風呂からあがってタオルで髪を拭きながら部屋に向かえば、ベッドの上、うつ伏せに名前が倒れていた。
2年参りなんてしたコトがなかったんだ、と帰宅早々弱音を吐いていたからきっと疲れてしまったんだろう。

「名前、起きて」
「ん…、んん〜… 」

イヤイヤと枕に顔を押し付けるから声が曇る。
先に乾かしてやった髪を撫でればピタリと動きが止まった。
気持ちいの?と問いかけて気づく。

「(寝てるし)」

すぅ、と寝息だけが聞こえる。なにそれ。
せっかくオレが甘やかしたい気分なのに。
リフジンに怒ってみたり。






本当にあっという間に元旦が終わった。
大晦日の夜から行った二年参りは、とんでもない人の量にびびりつつ。
帽子と眼鏡で変装したオレだと見つけられないからと、手を繋いできたのは結構きた。
そのままバスケ部のメンバーとの集まりに顔を出せばいつの間にか3on3が始まって、くたくたな体でご飯を作る元気もなくて外で夕飯を済ませて帰宅。
疲れたんだろうなぁ、とぼんやり思う。
あと数分で日付が変わる。



そういえば、1日から2日にかけて見る夢が初夢なんだっけ。
テレビで見たよ!とはしゃいでいたのを思い出した。
一フジ二タカ三ナスビ?
縁起のいい夢らしいけれど、百歩譲ってタカ止まり。
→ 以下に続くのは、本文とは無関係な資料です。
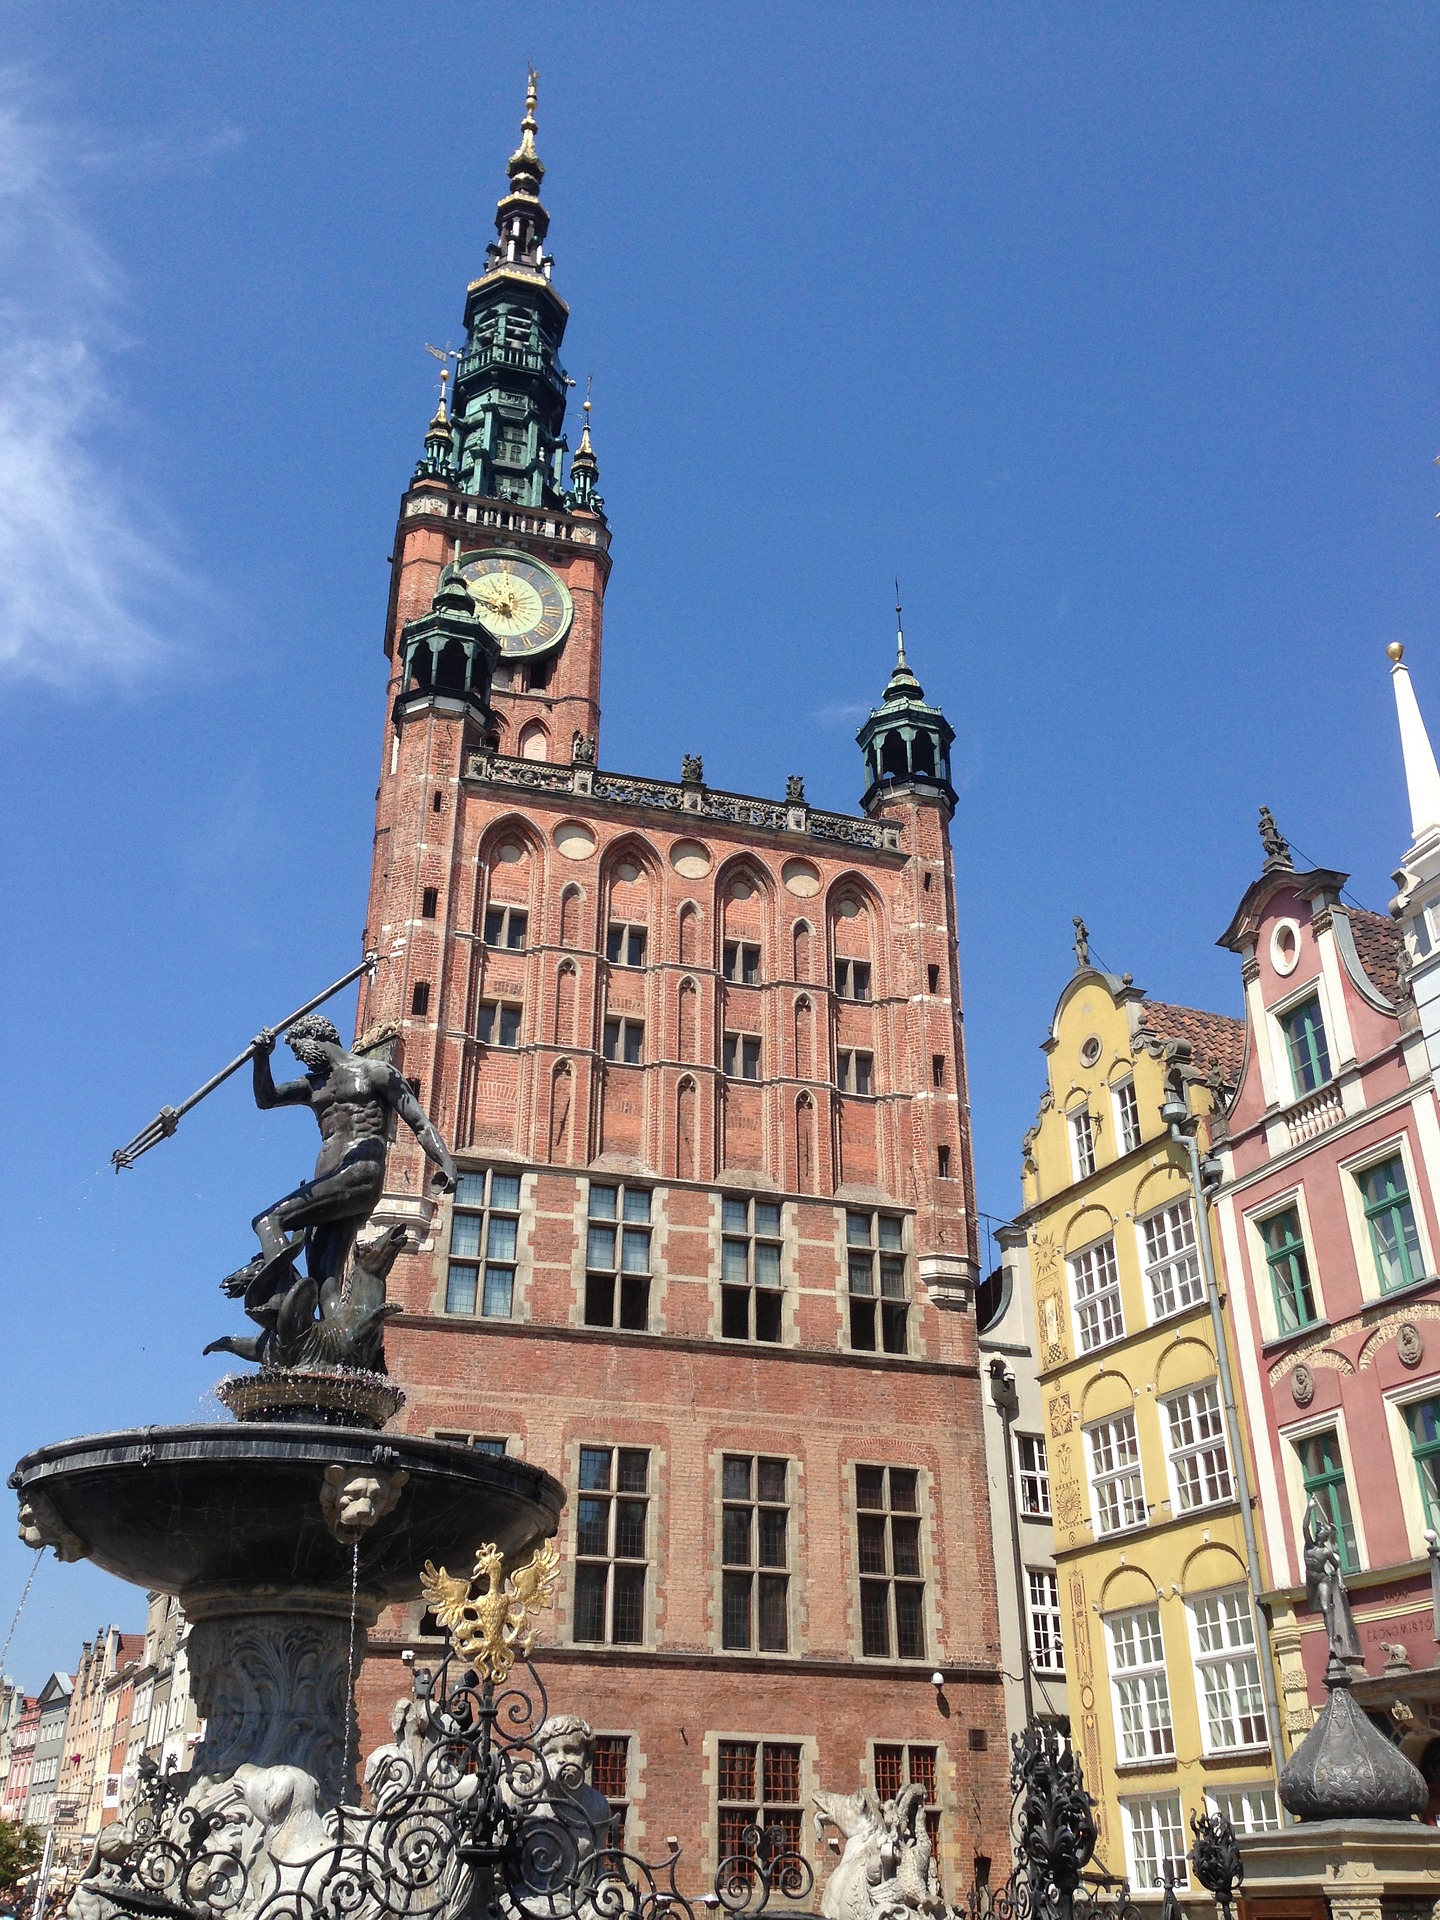 Neptunbrunnen in der Altstadt von Danzig Gdansk in Polen

ナスビの夢ってどんなんだ。
できるなら、幸せな夢を見たい。
枕の下に見たい夢の写真を入れると、夢に出るらしいけど。(それも名前がテレビで見たとかなんとか、)
ふ、と視線を落とす。
…枕の下じゃなくてもいいかな。
髪を撫でていた手を下ろして、その代わりに立ち上がる。
えい、と眠る名前の上にダイブすれば、ぐぇ、なんてカエルが潰れたみたいな声がした。

「お、も…」
「モデルがそんな重い訳ないじゃないッスか」
「涼太くんは、自分の身長と体重を自覚すべきだよ」

なんとかオレの下から抜け出したいのか、ばたばたと暴れるけど、ムダ。
逃がさないッスよー、なんてさらに上から抱き締めてやるとさらにばたばたと抵抗される。さすがに傷つく…。
ごろん、と名前の上から退いて横になった波野と向き合えば、不機嫌そうに眉間にシワ。

「涼太くんは私を圧死させる気なの?」
「まさか」

そんな物騒なコト思ってる訳ないじゃないッスか。
じゃあ、と続きそうになった言葉を遮って続けた。

「名前の夢、見たいなぁと思って」
「へ、」
「さすがに枕の下には引けないし、いっそのコト下ならいいかなって」

へらっ、と笑えば、不機嫌顔は呆れ顔に変わっていた。
微妙な居心地の悪さに、冗談だと適当なコトを言おうとした時、伸びてきた手で頬を包まれた。
柄にもなく、ぎょっとして動きを止めれば、少しの間真剣にオレを見つめた後、へらり、と表情を崩す。
何事かと聞く前にふわりと合った唇に、今度こそ動きが止まった。
頬から手を離して胸のあたりに体を寄せてくる彼女の腰あたりに、ゆるゆると腕を回す。
抱き締めるのをこんなに戸惑ったのは初めてだ。
ぴたり、と体を密着させれば、幸せそうな笑い声。

「こっちの方がいい夢見れそうじゃない?」

あー、もう。ドキドキして心臓が痛い。
心臓の音を聞かせるように、腰に回した手に力を込めてもっともっとぴったりくっつく。
だんだんと寝息に変わっていく呼吸を聞きながら、髪にひとつキスをして、ゆっくりと目を閉じた。